◆ Description of the task
When you reach the line that contains "Futurista 900 Ceramic", begin copying exactly, and continue through the last line of the data; no pictures belong in the copy.

◆ Supplied material

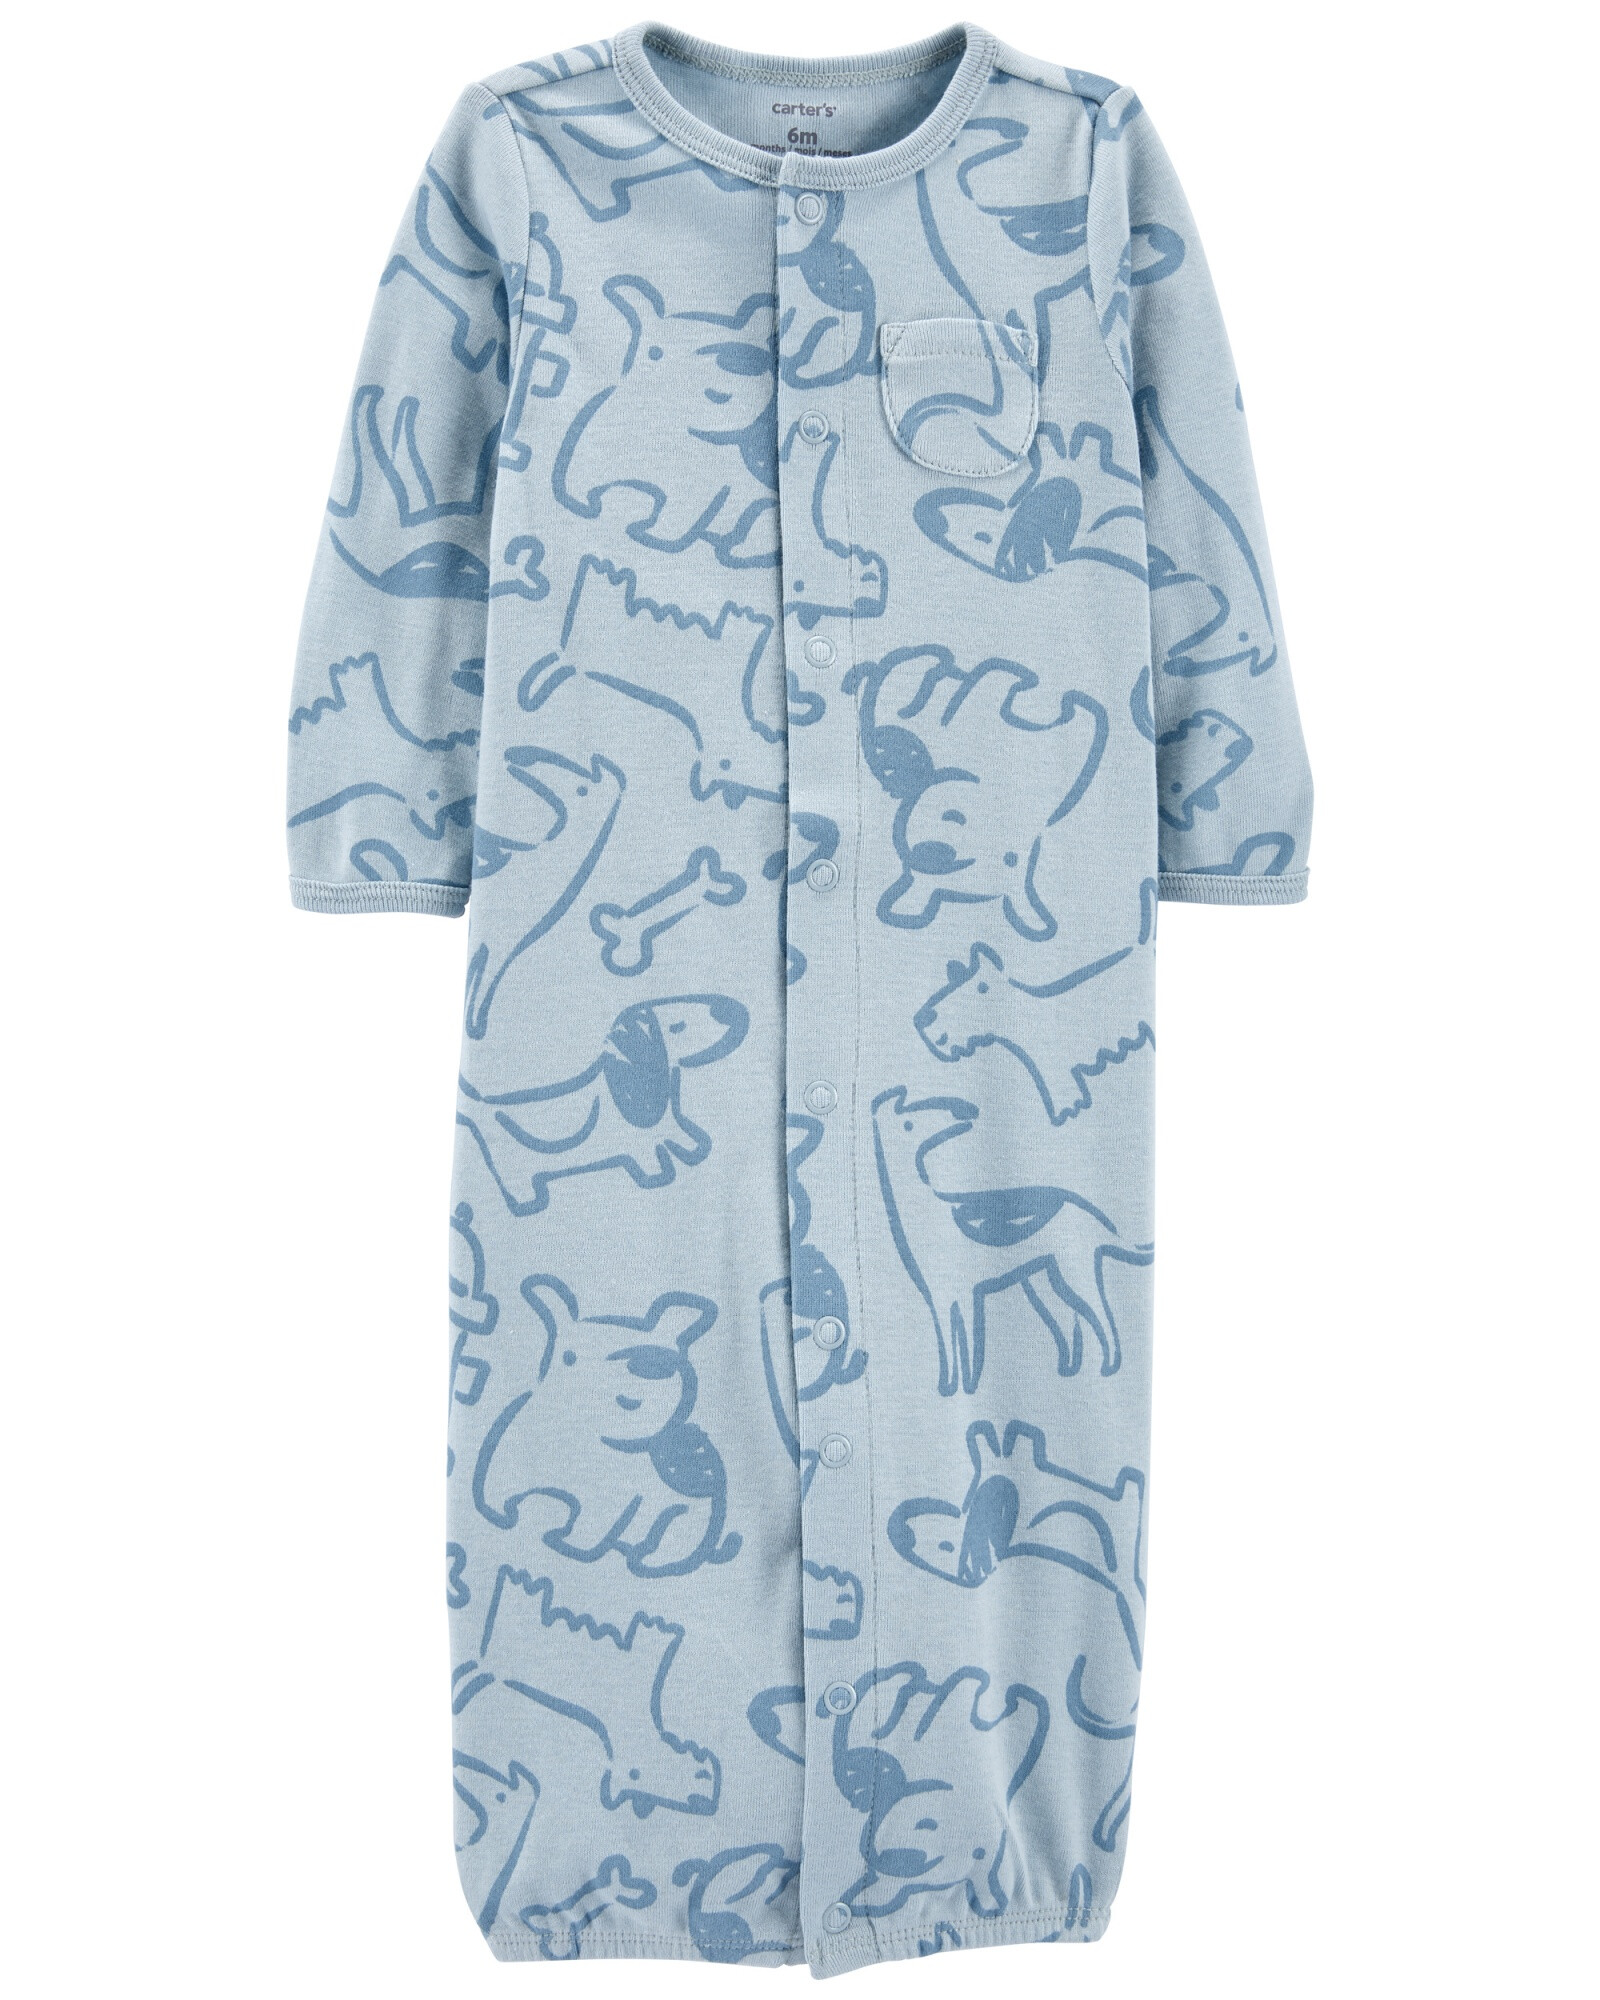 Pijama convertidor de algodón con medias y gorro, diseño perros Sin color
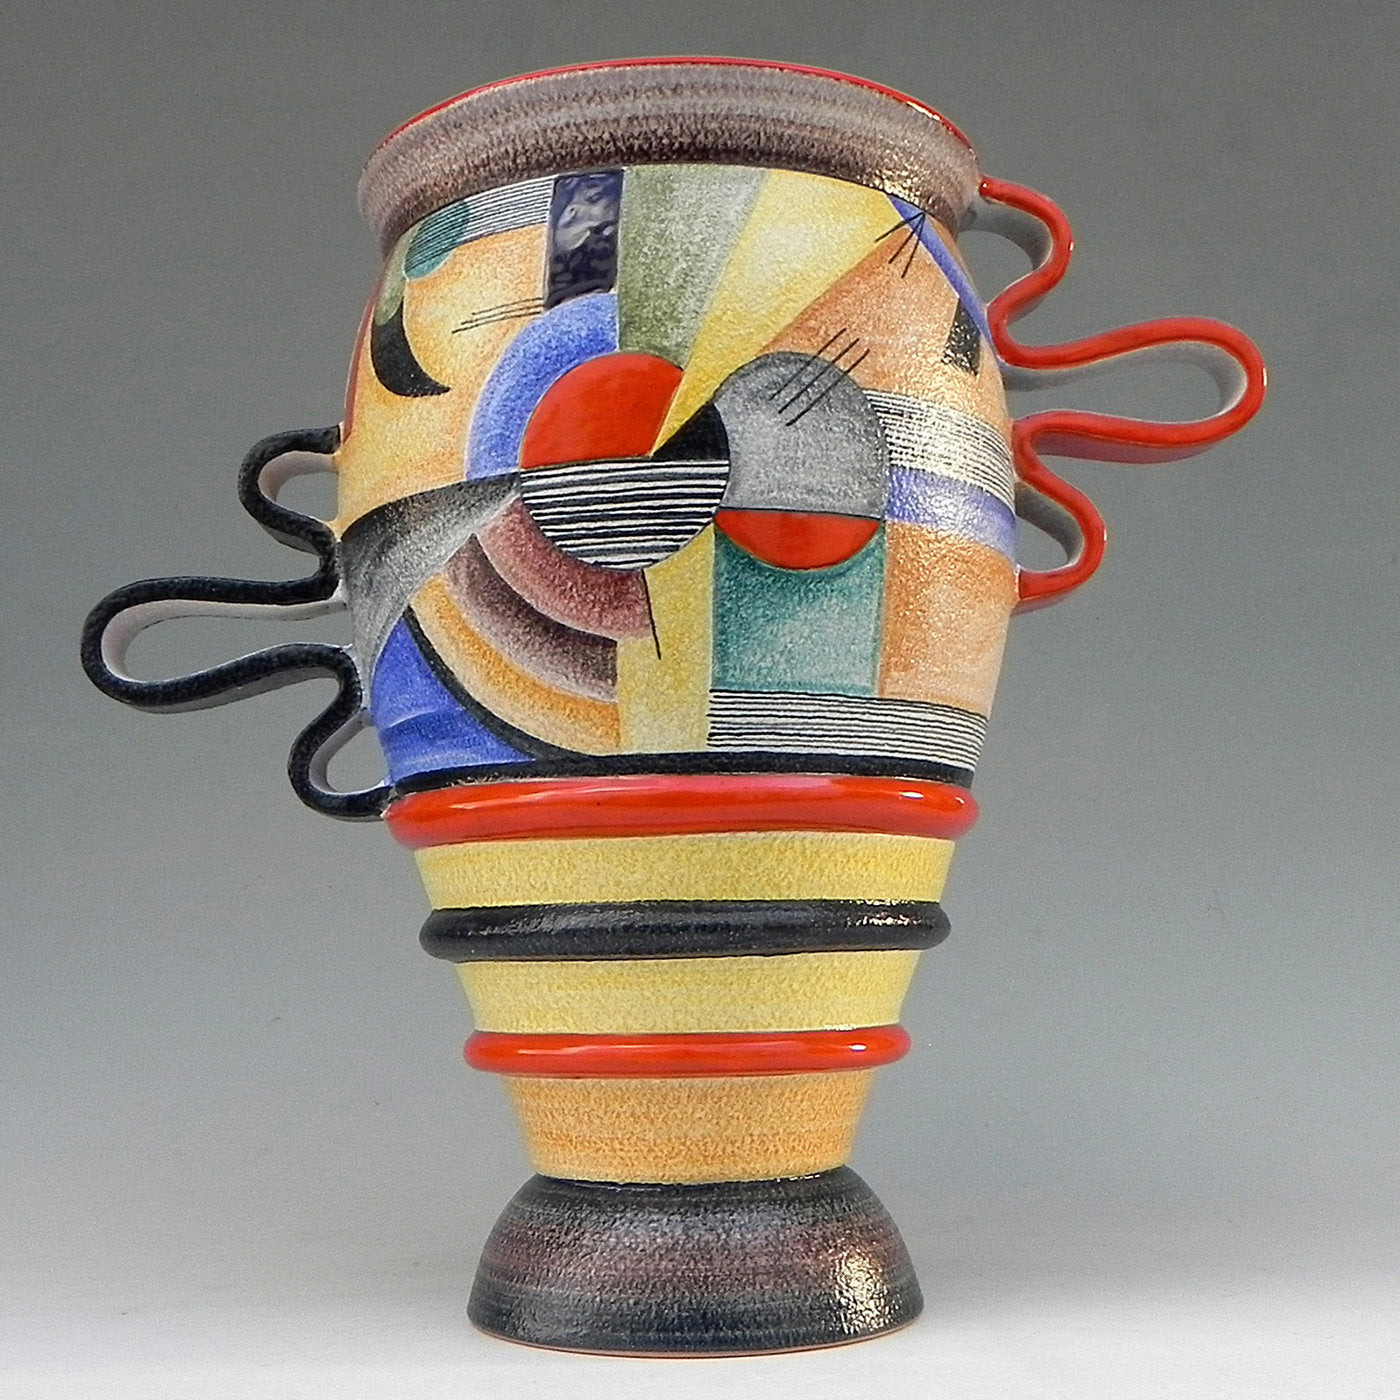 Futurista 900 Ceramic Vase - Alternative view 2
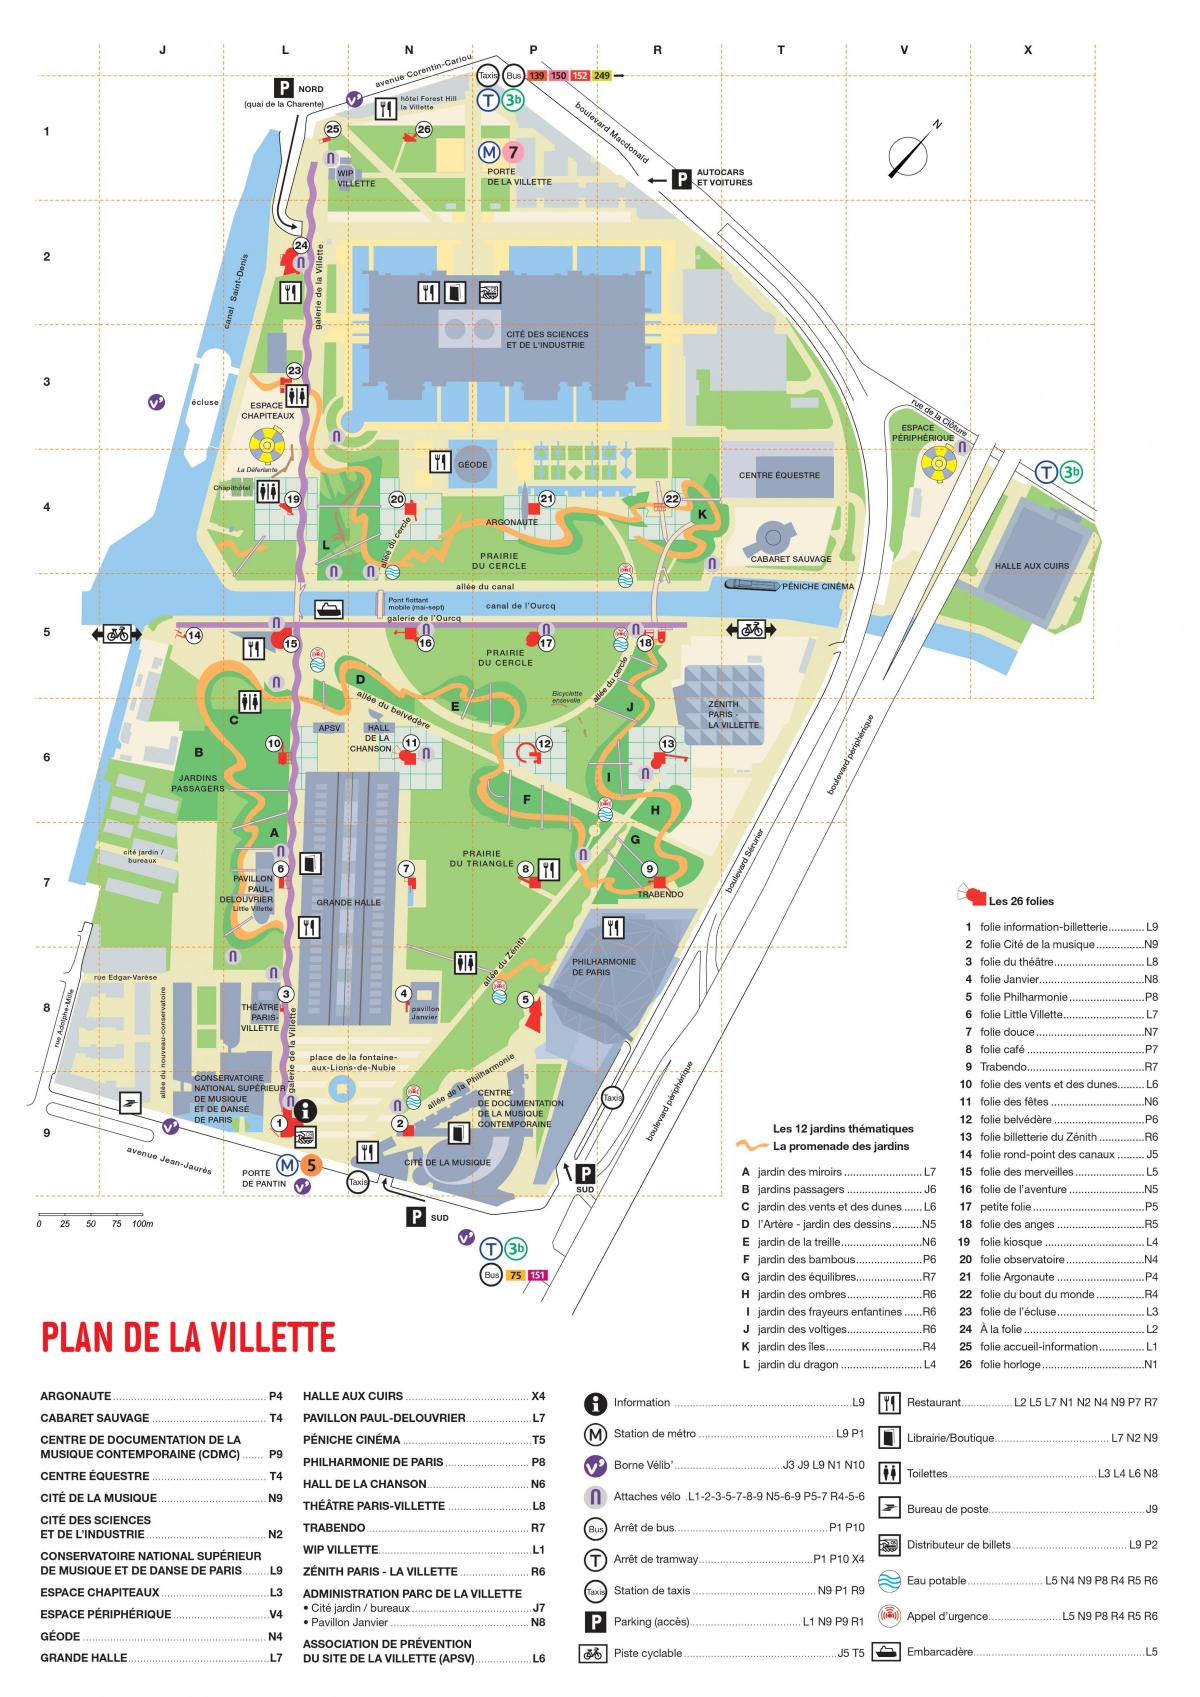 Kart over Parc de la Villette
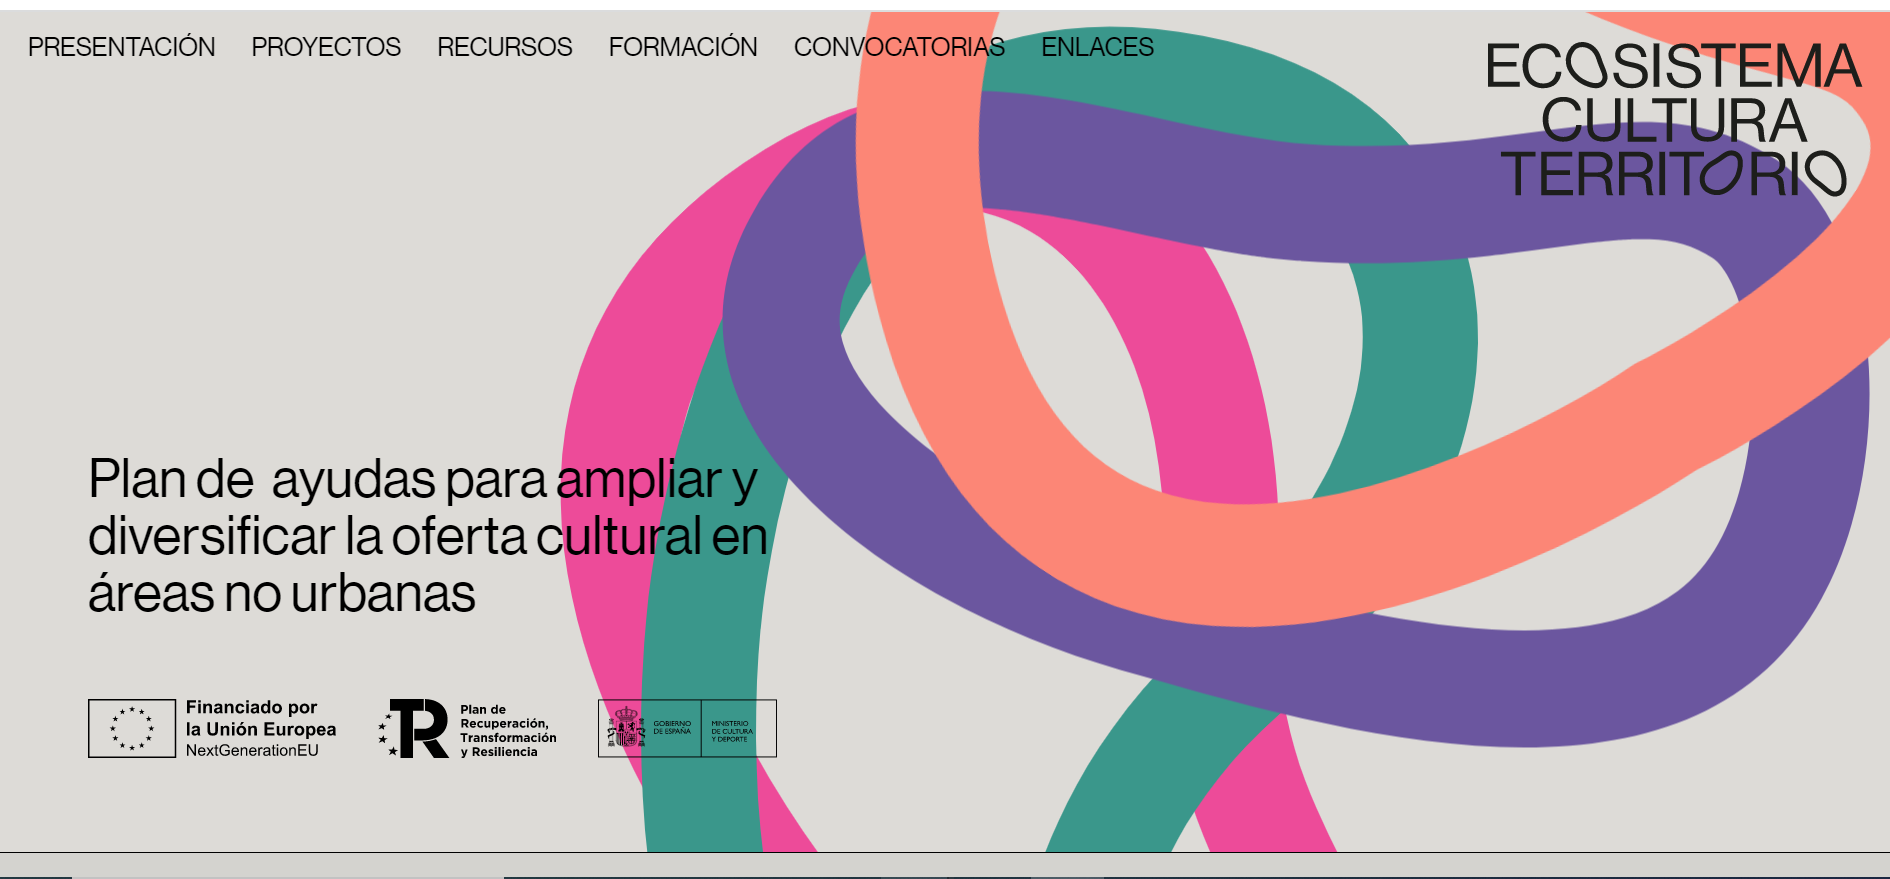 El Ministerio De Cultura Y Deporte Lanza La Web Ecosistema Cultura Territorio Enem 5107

◆ Answer for this exercise
 Futurista 900 Ceramic Vase - Alternative view 2
 Kart over Parc de la Villette
 El Ministerio De Cultura Y Deporte Lanza La Web Ecosistema Cultura Territorio Enem 5107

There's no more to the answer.